How to calculate difference between metrics in dif

2019-09-17 07:03发布

问题:

I want to calculate the difference of nested aggregations between two dates.

To be more concrete is it possible to calculate the difference between date_1.buckets.field_1.buckets.field_2.buckets.field_3.value - date_2.buckets.field_1.buckets.field_2.buckets.field_3.value given the below request/response. Is that possible with elasticsearch v.1.0.1?

The aggregation query request looks like this:

 {
  "query": {
    "filtered": {
      "query": {
        "match_all": {}
      },
      "filter": {
        "bool": {
          "must": [
            {
              "terms": {
                "date": [
                  "2014-08-18 00:00:00.0",
                  "2014-08-15 00:00:00.0"
                ]
              }
            }
          ]
        }
      }
    }
  },
  "aggs": {
    "date_1": {
      "filter": {
        "terms": {
          "date": [
            "2014-08-18 00:00:00.0"
          ]
        }
      },
      "aggs": {
        "my_agg_1": {
          "terms": {
            "field": "field_1",
            "size": 2147483647,
            "order": {
              "_term": "desc"
            }
          },
          "aggs": {
            "my_agg_2": {
              "terms": {
                "field": "field_2",
                "size": 2147483647,
                "order": {
                  "_term": "desc"
                }
              },
              "aggs": {
                "my_agg_3": {
                  "sum": {
                    "field": "field_3"
                  }
                }
              }
            }
          }
        }
      }
    },
    "date_2": {
      "filter": {
        "terms": {
          "date": [
            "2014-08-15 00:00:00.0"
          ]
        }
      },
      "aggs": {
        "my_agg_1": {
          "terms": {
            "field": "field_1",
            "size": 2147483647,
            "order": {
              "_term": "desc"
            }
          },
          "aggs": {
            "my_agg_1": {
              "terms": {
                "field": "field_2",
                "size": 2147483647,
                "order": {
                  "_term": "desc"
                }
              },
              "aggs": {
                "my_agg_3": {
                  "sum": {
                    "field": "field_3"
                  }
                }
              }
            }
          }
        }
      }
    }
  }
}

And the response looks like this:

{
  "took": 236,
  "timed_out": false,
  "_shards": {
    "total": 1,
    "successful": 1,
    "failed": 0
  },
  "hits": {
    "total": 1646,
    "max_score": 0,
    "hits": []
  },
  "aggregations": {
    "date_1": {
      "doc_count": 823,
      "field_1": {
        "buckets": [
          {
            "key": "field_1_key_1",
            "doc_count": 719,
            "field_2": {
              "buckets": [
                {
                  "key": "key_1",
                  "doc_count": 275,
                  "field_3": {
                    "value": 100
                  }
                }
              ]
            }
          }
        ]
      }
    },
    "date_2": {
      "doc_count": 823,
      "field_1": {
        "buckets": [
          {
            "key": "field_1_key_1",
            "doc_count": 719,
            "field_2": {
              "buckets": [
                {
                  "key": "key_1",
                  "doc_count": 275,
                  "field_3": {
                    "value": 80
                  }
                }
              ]
            }
          }
        ]
      }
    }
  }
}

Thank you.

回答1:

No arithmetic operations are allowed between two aggregations' result from elasticsearch DSL, not even using scripts. (Upto version 1.1.1, at least I know)

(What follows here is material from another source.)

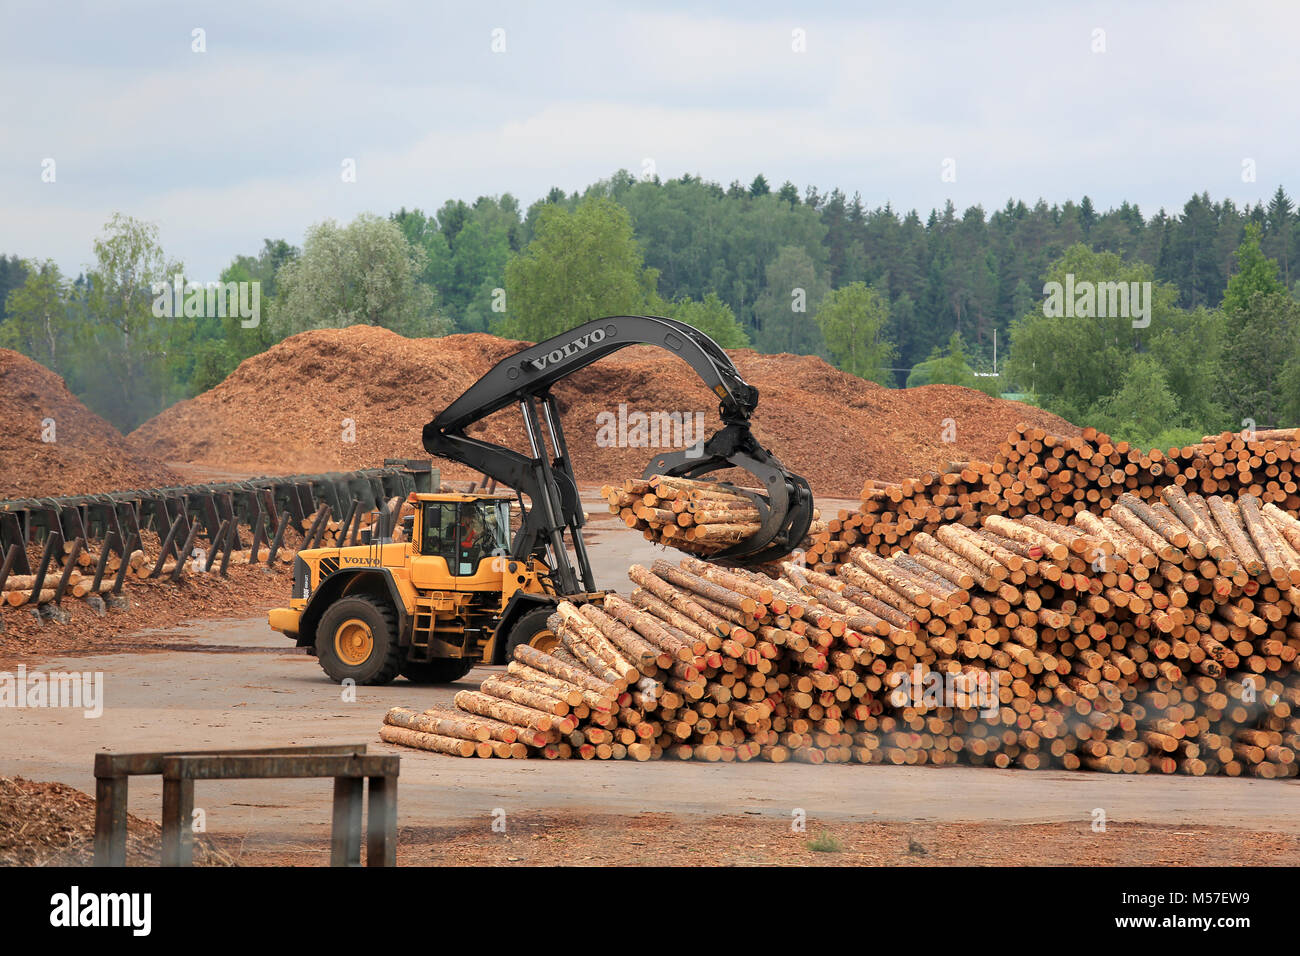 KYRO, FINLAND - JUNE 7, 2014: Volvo L180F High Lift wheel loader working at mill lumber yard.  The arm is capable of reaching a lift height of 5.8 m u Stock Photo
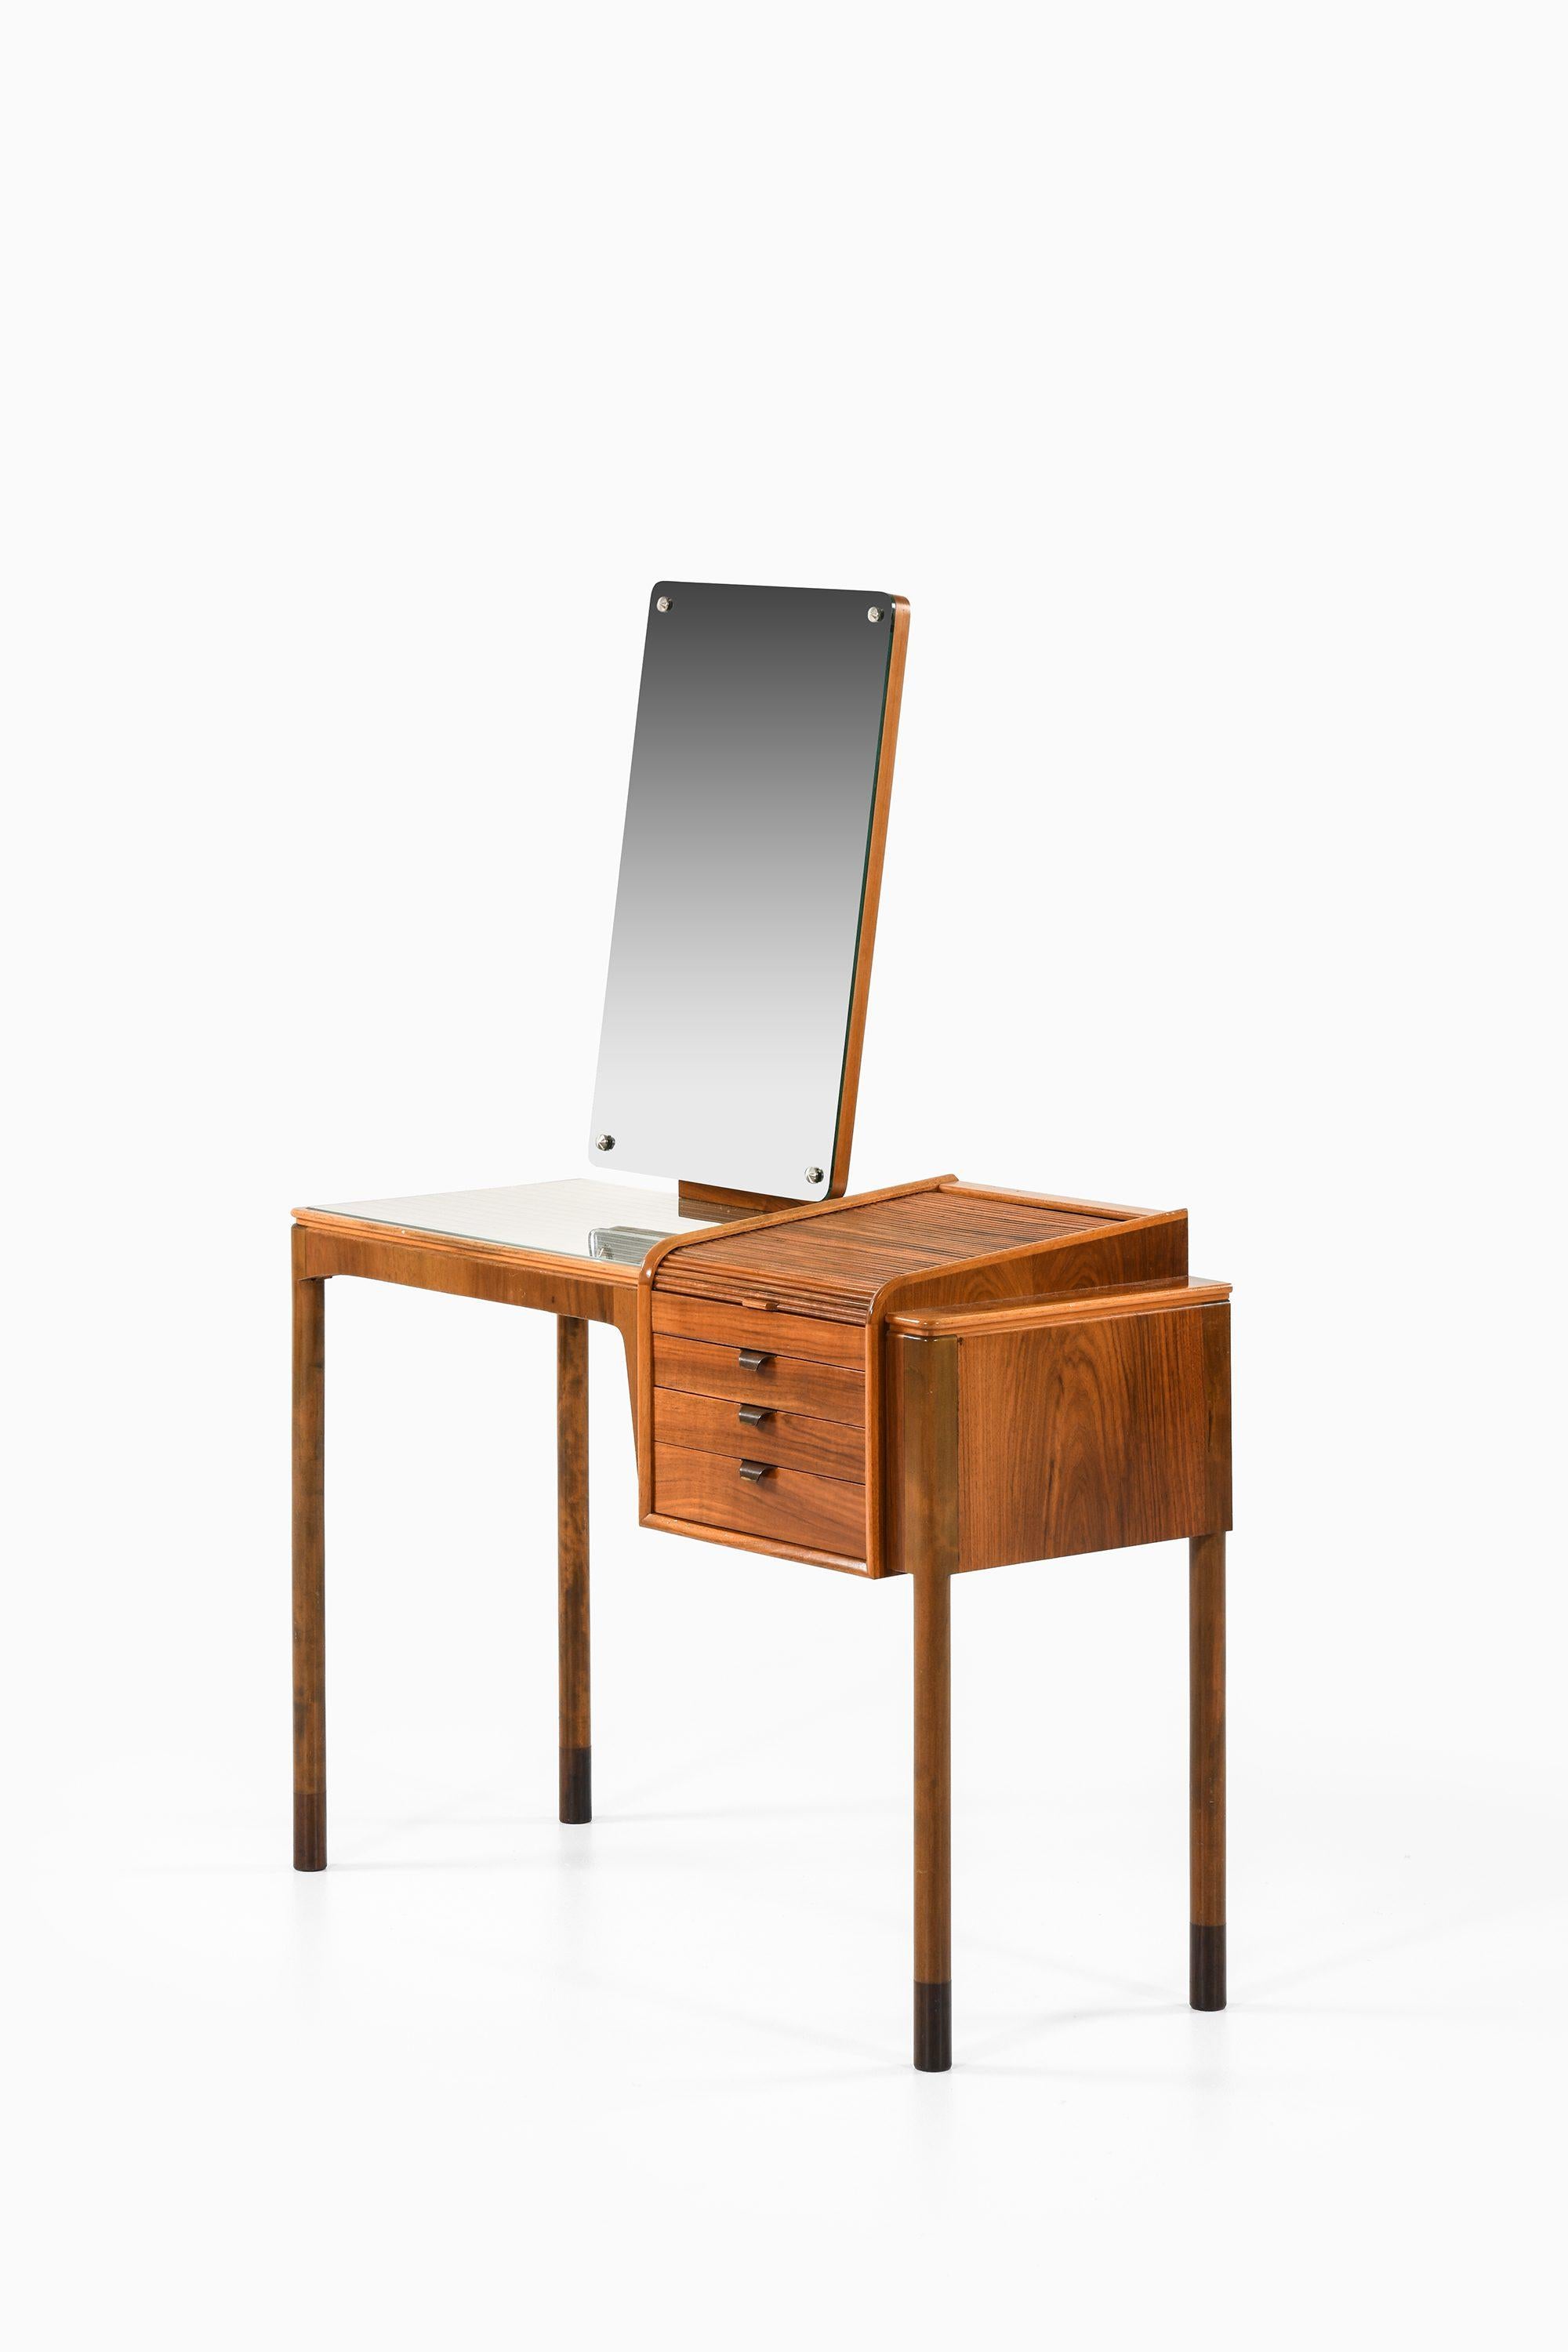 Scandinavian Modern Vanity in Walnut, Glass and Brass Attributed to Carl-Axel Acking, 1940's For Sale

Such operations need to be handeled in client side after processing the aggs result.

Reference

elasticsearch aggregation to sort by ratio of aggregations



回答2:

With elasticsearch new version (eg: 5.6.9) is possible:

{
  "size": 0,
    "query": {
    "constant_score": {
      "filter": {
        "bool": {
          "filter": [
            {
              "range": {
                "date_created": {
                  "gte": "2018-06-16T00:00:00+02:00",
                  "lte": "2018-06-16T23:59:59+02:00"
                }
              }
            }
          ]
        }
      }
    }
  },
  "aggs": {
    "by_millisec": {
      "range" : {
        "script" : {
          "lang": "painless",
            "source": "doc['date_delivered'][0] - doc['date_created'][0]"
        },
        "ranges" : [
          { "key": "<1sec", "to": 1000.0 },
          { "key": "1-5sec", "from": 1000.0, "to": 5000.0 },
          { "key": "5-30sec", "from": 5000.0, "to": 30000.0 },
          { "key": "30-60sec", "from": 30000.0, "to": 60000.0 },
          { "key": "1-2min", "from": 60000.0, "to": 120000.0 },
          { "key": "2-5min", "from": 120000.0, "to": 300000.0 },
          { "key": "5-10min", "from": 300000.0, "to": 600000.0 },
          { "key": ">10min", "from": 600000.0 }
        ]
      }
    }
  }
}


回答3:

In 1.0.1 I couldn't find anything but in 1.4.2 you could try scripted_metric aggregation (still experimental).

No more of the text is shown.